Так «Апокалипсис» Дюрера становится не просто циклом иллюстраций, но по меньшей мере самостоятельным поэти­ческим произведением, представленным в зримых образах, в котором Дюрер художественно выразил свое собственное понимание важнейших духовных проблем эпохи, так что в


236

этом соединении реальности и мечты, правды и поэзии можно увидеть почти что текст автора о себе, как в произведениях современных писателей. И это также является чем-то новым. В картинах итальянских и нидерландских художников, совре­менников Дюрера, нельзя отыскать ключ к их субъективной духовной жизни; в произведениях Джанбеллино, Рафаэля или Герарда Давида почти все исчерпывается отношением к объективным художественным проблемам, которые были едиными для всех художников их времени и страны. В рисунках это выражается еще отчетливее, едва ли не все без исключения они были созданы во имя этих объективных целей, стоящих за пределами субъективной душевной жизни, в то время как в рисунках и гравюрах Дюрера на протяжении всей ero жизни мы можем увидеть неисчерпаемое многообразие точек зрения, непрерывный диалог с самим собой и с окру­жающим миром.

В «Апокалипсисе» эта черта его искусства выступает на передний план столь же сильно, сколь и неожиданно в общем контексте европейского искусства того времени. Это — личное духовное исповедание Дюрера, чье содержание лежит не только в области проблем собственно искусства, но относится ко всем тем роковым вопросам, что занимали всех более серьезно задумывавшихся над своим временем людей. Этот цикл был создан в то же самое время, когда во Флоренции проповедовал и был сожжен Савонарола. Но тогда как в Италии речь шла только о движении по восстановлению господства церкви, то в Германии общество, воспитанное в духе более глубокого религиозного образования и чувство­вания, в ходе целого столетия задумывалось о более глубоких причинах упадка религиозной жизни, а в сознании ведущих личностей осязаемую форму начала обретать проблема духов­ного обновления христианства в качестве важнейшего требова­ния времени; то же мы видим и у Дюрера, чье первое большое произведение возникло из осознания долга по отношению к этому главному вопросу духовной жизни, вопросу, стоящему выше специальных задач искусства и превратившему цикл Дюрера в пронзительную проповедь.
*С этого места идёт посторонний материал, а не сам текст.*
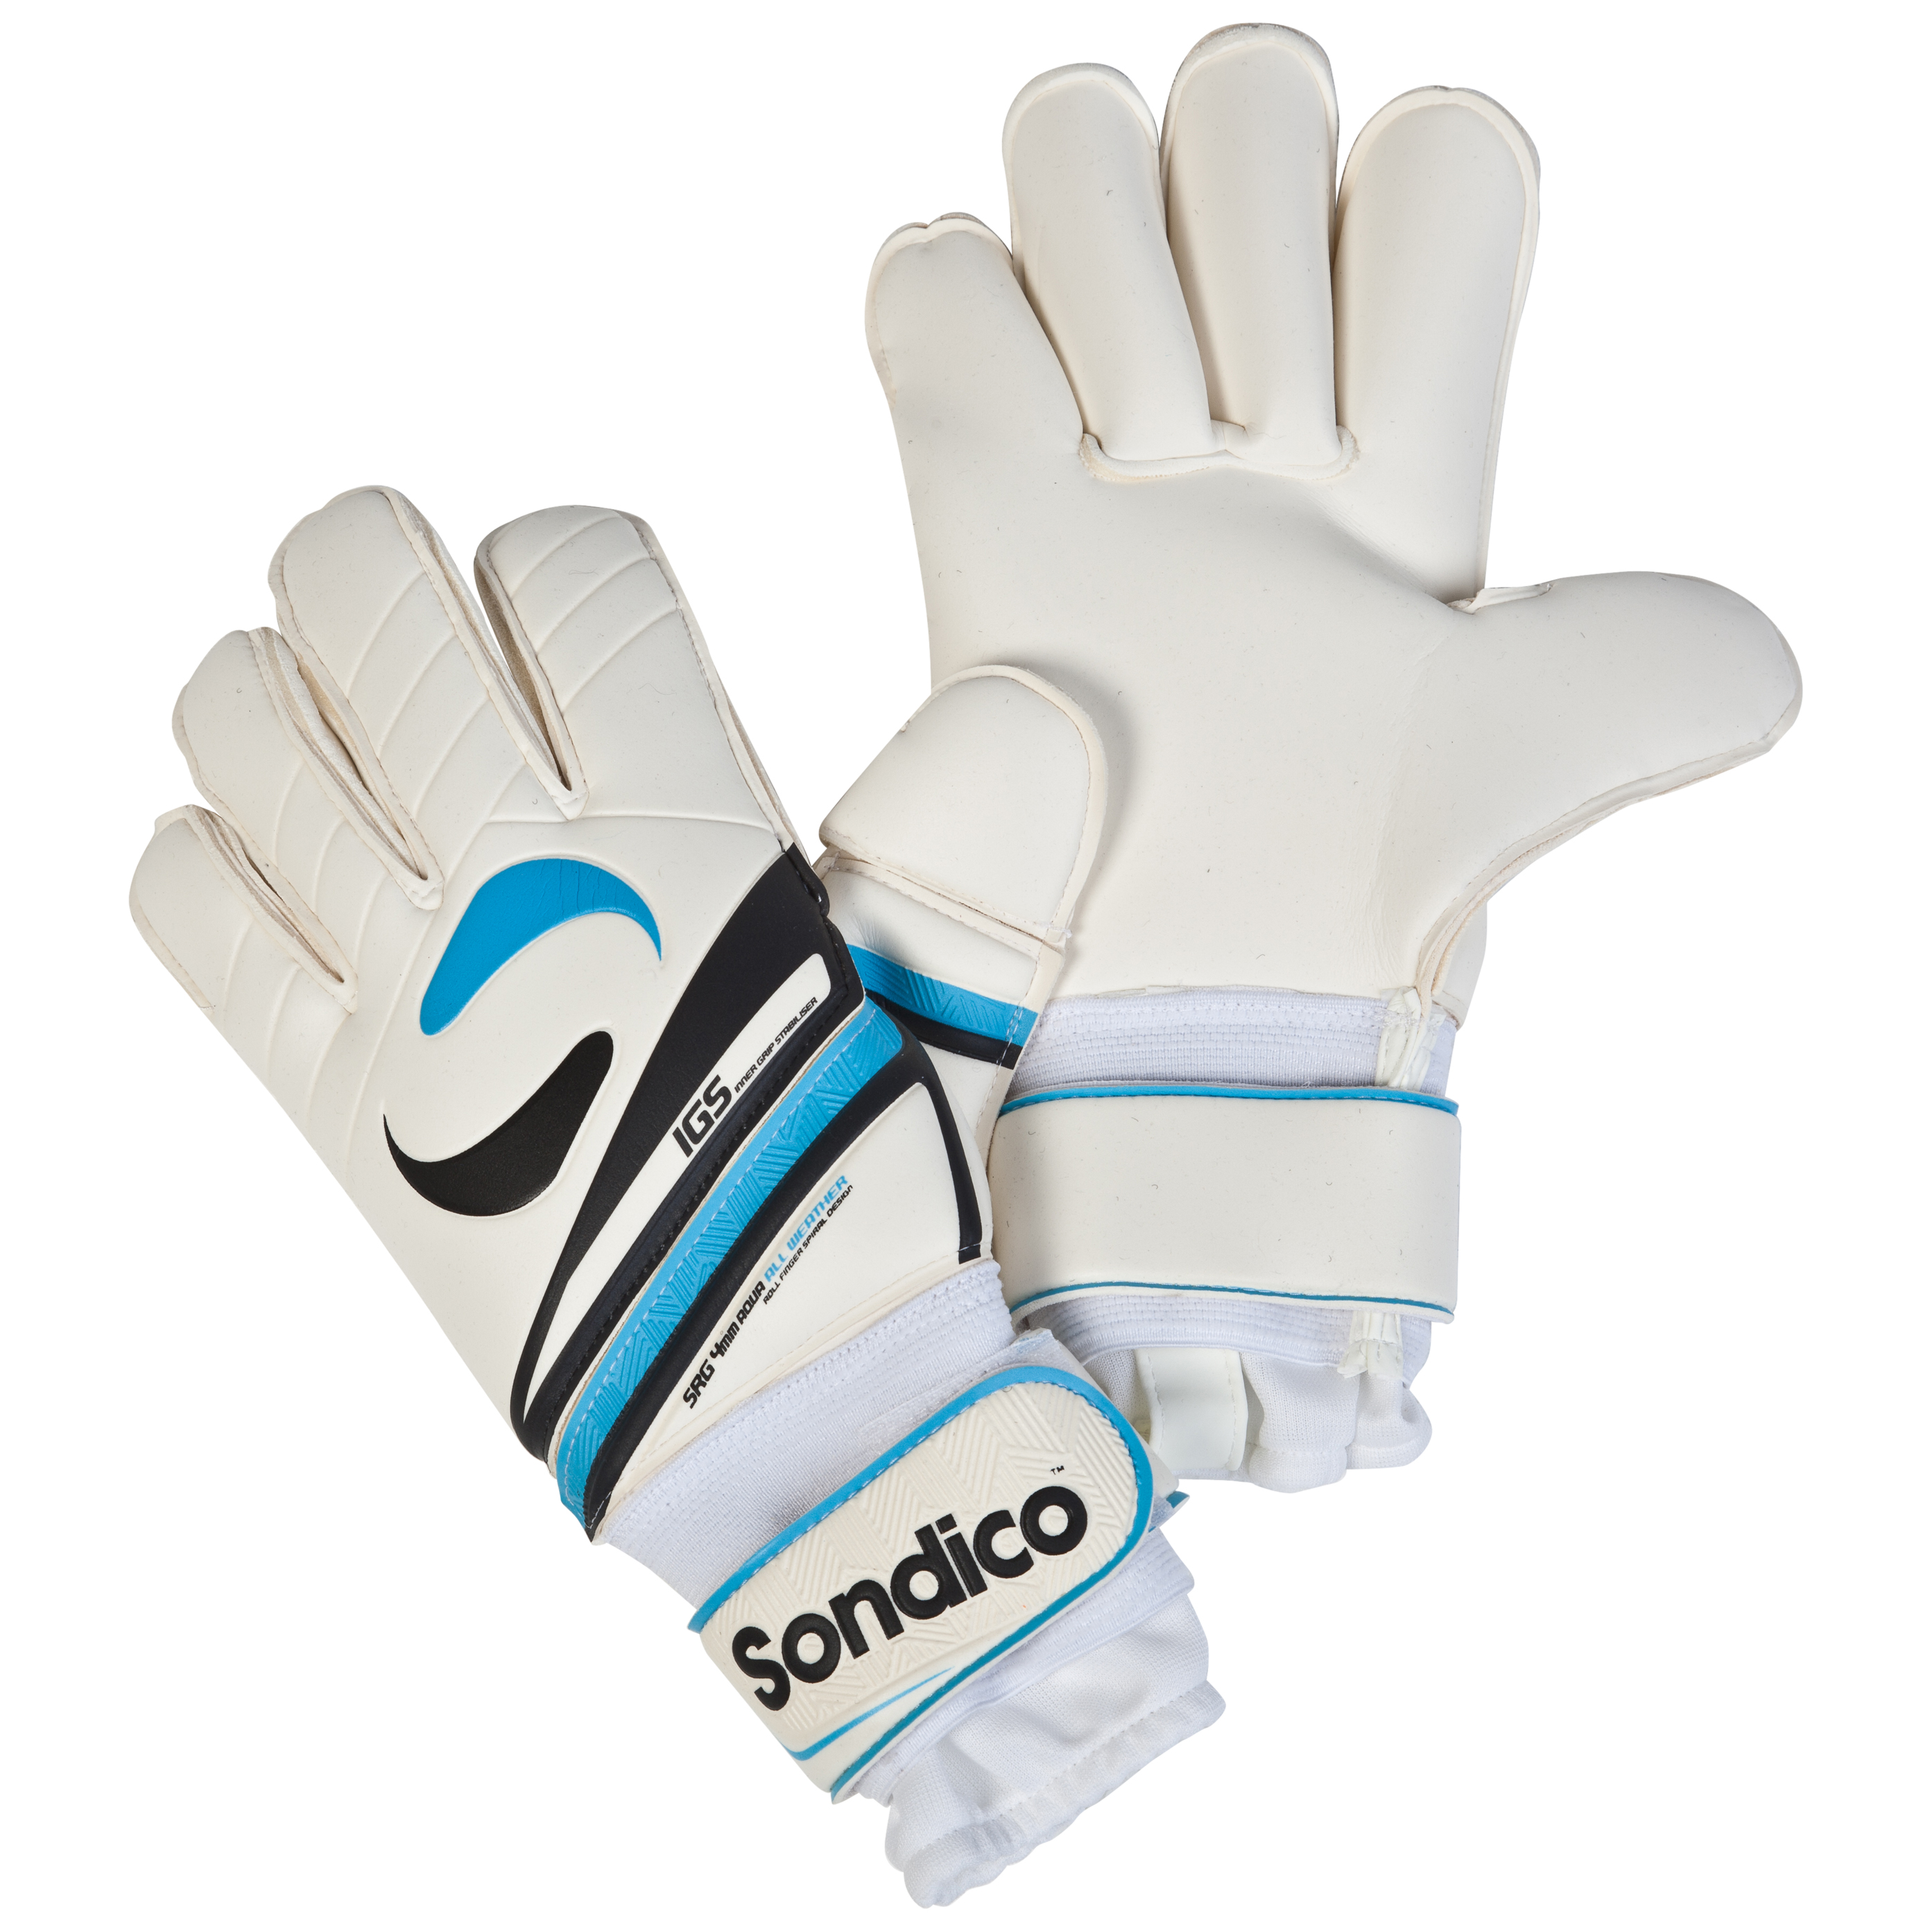 Sondico Legend Pro Roll Spiral 360 Goalkeeper Gloves - White/Black/Gun Metal/Cyan
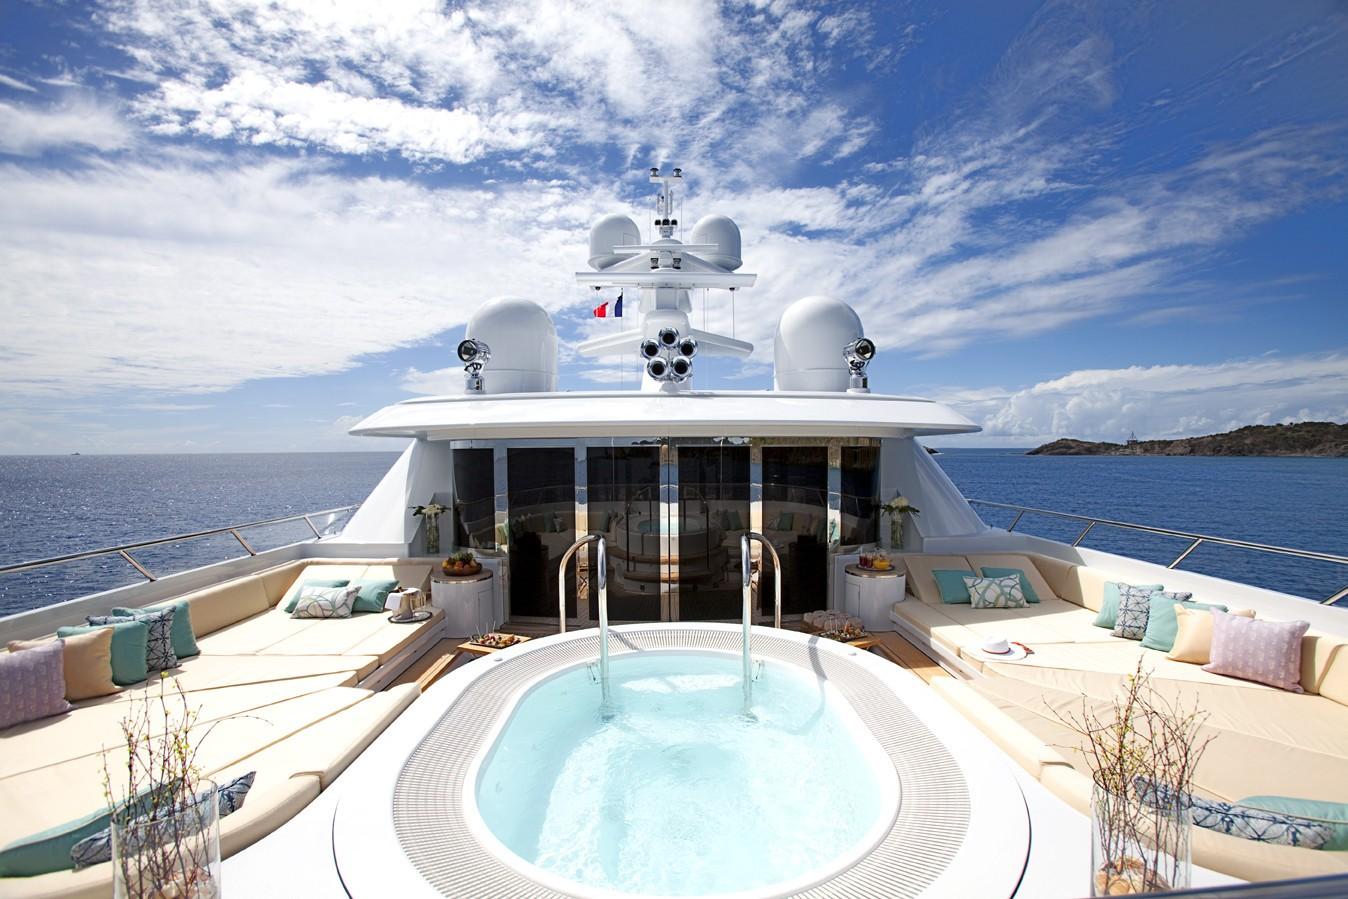 Jacuzzi Pool Aboard Yacht LADY BRITT

Духовная программность напоминает о средневековье, тогда как личностность высказы-


237

вания предвещает то, что спустя несколько десятилетий станет главной чертой, сокрушившей имперсональные художествен­ные идеалы Ренессанса в творчестве Микеланджело, а после Микеланджело подчинившей себе и все европейское искусство. Так «Апокалипсис» Дюрера стоит между двух эпох, являясь завершением одной и вводя в другую, связуя предшество­вавшее Ренессансу и то, что должно было за ним последовать. «Апокалипсис» играет особенную роль в творческом раз­витии Дюрера. В последующее время он создал более или по меньшей мере столь же значительные работы, но никогда более — произведение, до такой же степени исполненное страстности и юношеского воодушевления определенной идеей, как «Апокалипсис». В нем есть словно бы неистово кипящая юношеская сила, ведь в апокалиптическом тексте Дюрера, это вполне определенно, привлекали не только исторические аналогии, но — дух, обуреваемый идеалами будущего и юношески горячо ими увлеченный. Нигде в современном ему нидерландском, итальянском или француз­ском искусстве мы не найдем бури и натиска юности, подоб­ных дюреровским. Художественная карьера — это постепен­ный подъем, поэтому самые дерзкие произведения возникают не в начале, а в конце жизненного пути. Это, бесспорно, неслучайно, столь же неслучайно и то, что подобное явление повторилось в немецком искусстве, и величайший поэт Германии открыл свое художественное творчество, полный юношеской радикальностью убеждений и страстно увлеченный идеей прогресса, так что возможно было бы говорить о род­ственном типе художника. Источник этого родства заключен в том соотношении между искусством и проблемами бытия, основы которого были заложены в Германии как раз на рубеже пятнадцатого и шестнадцатого веков, которое сохранялось в Германии и позднее, вплоть до настоящего времени. Это связа­но со стремлением рассматривать окружающий мир как часть внутренней жизни, а искусство как средство диалога с Богом и чертом, потусторонним и посюсторонним бытием, с самим собой и с тем, что движет всем миром, это — тот порыв, что в юности охватывает человека, должно быть, сильнее, чем в старости. Вся жизнь Дюрера была борьбой за обогащение


238

духовной индивидуальности, которой он стремился подчинить все те значительные духовные импульсы и переживания, что предлагало его время: гуманизм и Реформацию, итальянское и нидерландское понимание искусства, теорию и практику, красоту и многообразие жизни и природы. Так возникает тип художника, диаметрально противоположный его итальянским или нидерландским современникам, тип нового идеализма образования и универсализма, покоившегося не только на естественнонаучной эмпирии, как у Леонардо, но основан­ный — как три столетия спустя у Гете — на никогда не иссяка­ющем соучастии во всем, что владеет духом людей и дает пищу фантазии.


v

ИСТОРИЧЕСКИЕ ПРЕДПОСЫЛКИ НИДЕРЛАНДСКОГО РОМАНИЗМА


241

В своем литературном обосновании нидерландский рома­низм обозначает себя как победу знания над средневековым невежеством. Он неоднократно указывает, в чем состояло это знание: в обладании истинными правилами искусства. Не надо при этом упускать из виду, что это объяснение заимствуется из итальянских источников и было впоследствии применено к процессам, с которыми его, по самому составу памятников, не вполне удается согласовать. В действительности речь идет о комплексе явлений, единство которых может быть обозна­чено как стремление к освобождению от узко очерченных границ искусства XV века.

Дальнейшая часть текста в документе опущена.